How do we compute the speed of vehicles and how is it related to the trip duration ?

Observation on the Dataset

Cleaning and Feature Engineering

Data Cleaning and Preprocessing

Outlier Correction

We are employing 1.5 IQR method which is used for identifying the outliers in a dataset
The IQR is a measure of statistical dispersion, representing the range between the first quartile(Q1) and third quartile (Q3)
Outliers are observations that fall below Q1 - 1.5IQR or above Q3 + 1.5IQR

Cleaning of Passenger Counts

Practical considerations were taken out as it is unlikely for a car to accommodate more than 6 passengers or no passenger
All trips with 0 and above 6 passengers were removed from the dataset
Implementation of a domain based outlier detection is a crucial data cleaning part to provide accurate modelling

Cleaning of trip durations

A threshold of 100 hours was taken, for practicality
Trip data exceeding this limit, were considered outlier and were removed from the dataset
Trip data with more than 100 hours of trip durations are extreme outliers which may easily affect the accuracy of the modelling

Haversine Formula

a = sin²(Δφ/2) + cos(φ₁) * cos(φ₂) * sin²(Δλ/2) c = 2 * atan2(√a, √(1-a)) d = R * c Where:

φ₁ and φ₂ are the latitudes of the two points in radians.
Δφ is the difference between the latitudes of the two points.
Δλ is the difference between the longitudes of the two points.
R is the radius of the Earth (mean radius = 6,371 kilometers).
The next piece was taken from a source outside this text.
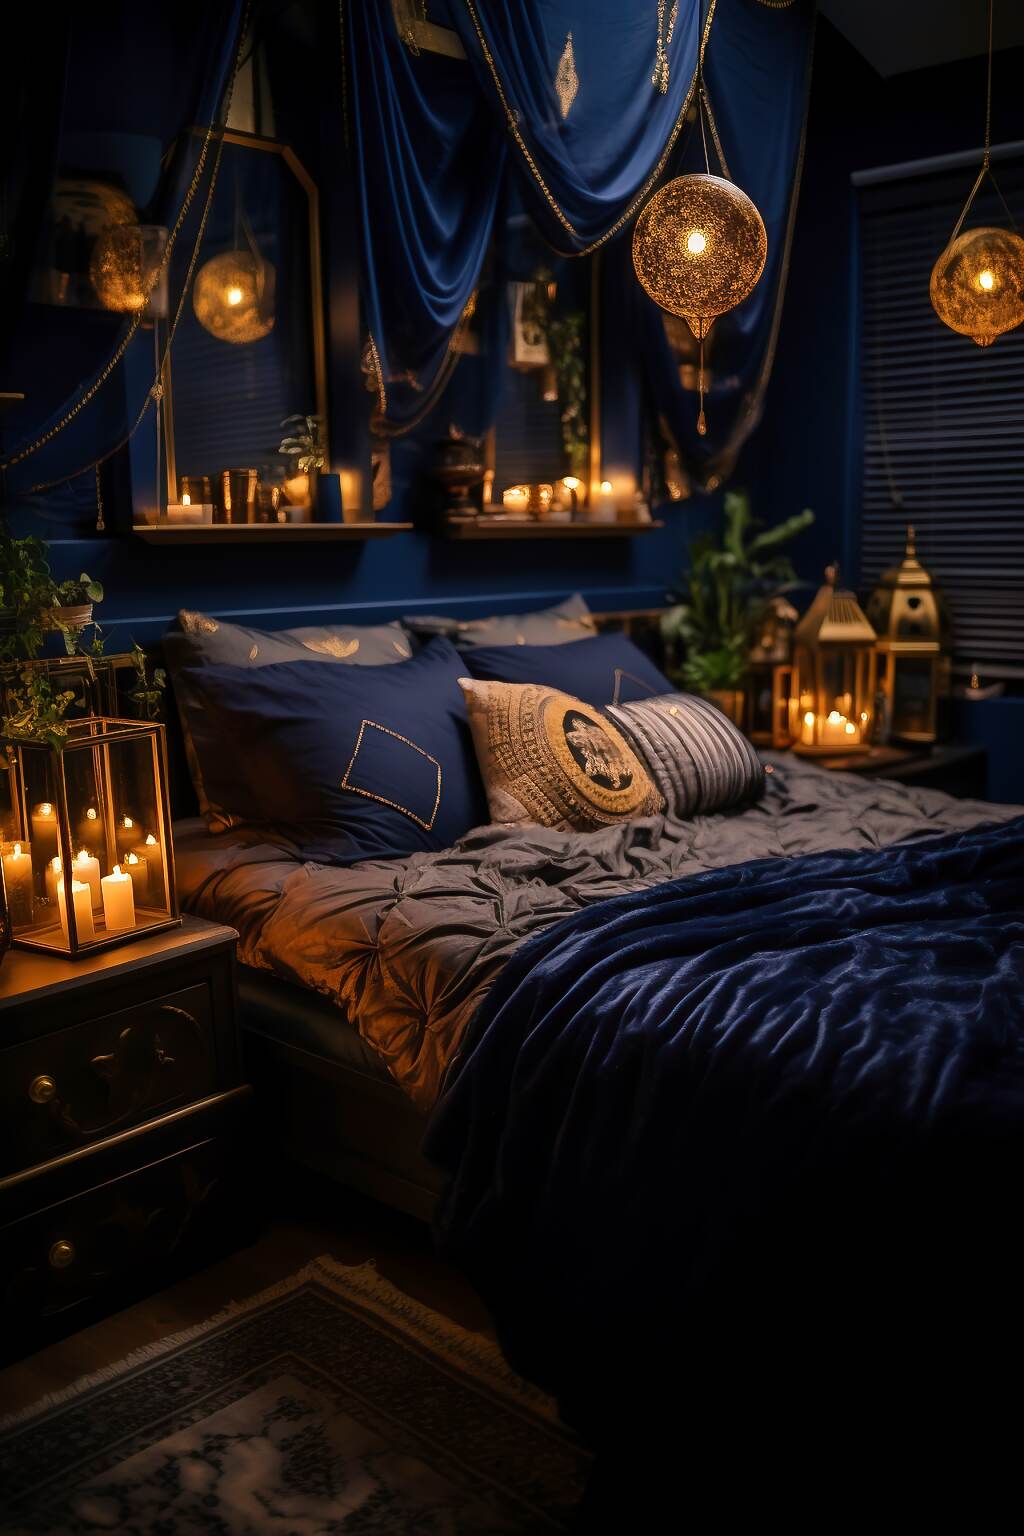 Compact Dark Boho Bedroom With A Blue &Amp; Gold Color Scheme, Featuring Antique Mirrors, Patterned Rugs, And Gold Accents, Creating An Intimate And Luxurious Atmosphere.

The Haversine formula calculates the great-circle distance, which is the shortest distance over the Earth's surface between two points. The result is the distance between the two points along the surface of the sphere. This formula takes into account the curvature of the Earth and provides accurate distance calculations for geographic coordinates.

Cleaning of Trip Distance

A minimum meaningful trip distance of 1 meter was chosen
Any trip distance less than 1 meter is considered as an outlier
Other less trip distance like 2, 3, 4, etc were not clipped, because there are high chances of user cancelling the trip
So outliers with short distance and very long timings were clipped

Computing Directional Angle

Calculating the compass bearing (direction) between two geographic points specified by their latitude and longitude coordinates.
The Bearing is angle measured in degrees from the north direction in a clockwise direction.The haversine formula is often used for navigation and geographical applications.
The resulting bearing is typically expressed as value between 0 and 360 degrees where 0 is north, 90 degrees is east, 180 degree is south and 270 degrees is west

Feature Engineering

From the dataset, many new columns were featured from the existing columns
Hour of the day, day of the trip, week, month, direction of the trip, avg. traffic speed and more were calculated
Presence of these variables tend to give more accuracy than the default variables from the dataset

Density Plots after preprocessing of Data

Correlation of Trip Duration with other features

Trip duration has a strong positive correlation of 0.8 with trip_distance(km), which suggests that as the trip distance increases, the trip duration tends to increase as well

Relationship of Trip Distance with Trip Duration

The scatter plot clearly shows a strong positive correlation with Trip Distance

The higher the Trip Distance, the chances of the trip Duration to extend is also high

Time Series Analysis

Few peaks and drops were seen in the Trend graph, where weather accounts for the trend
By the end of Jan, 2016 New York saw it’s highest snowfall of 27 inches which accounted for the drop in taxi demands in early february
The trend shows another bump in the series during the mid february, where Valentine’s day could be more accountable
A gradual raise in the demands post summer may be accounted for peoples who travelled to different places in the early fall ( to longer distance )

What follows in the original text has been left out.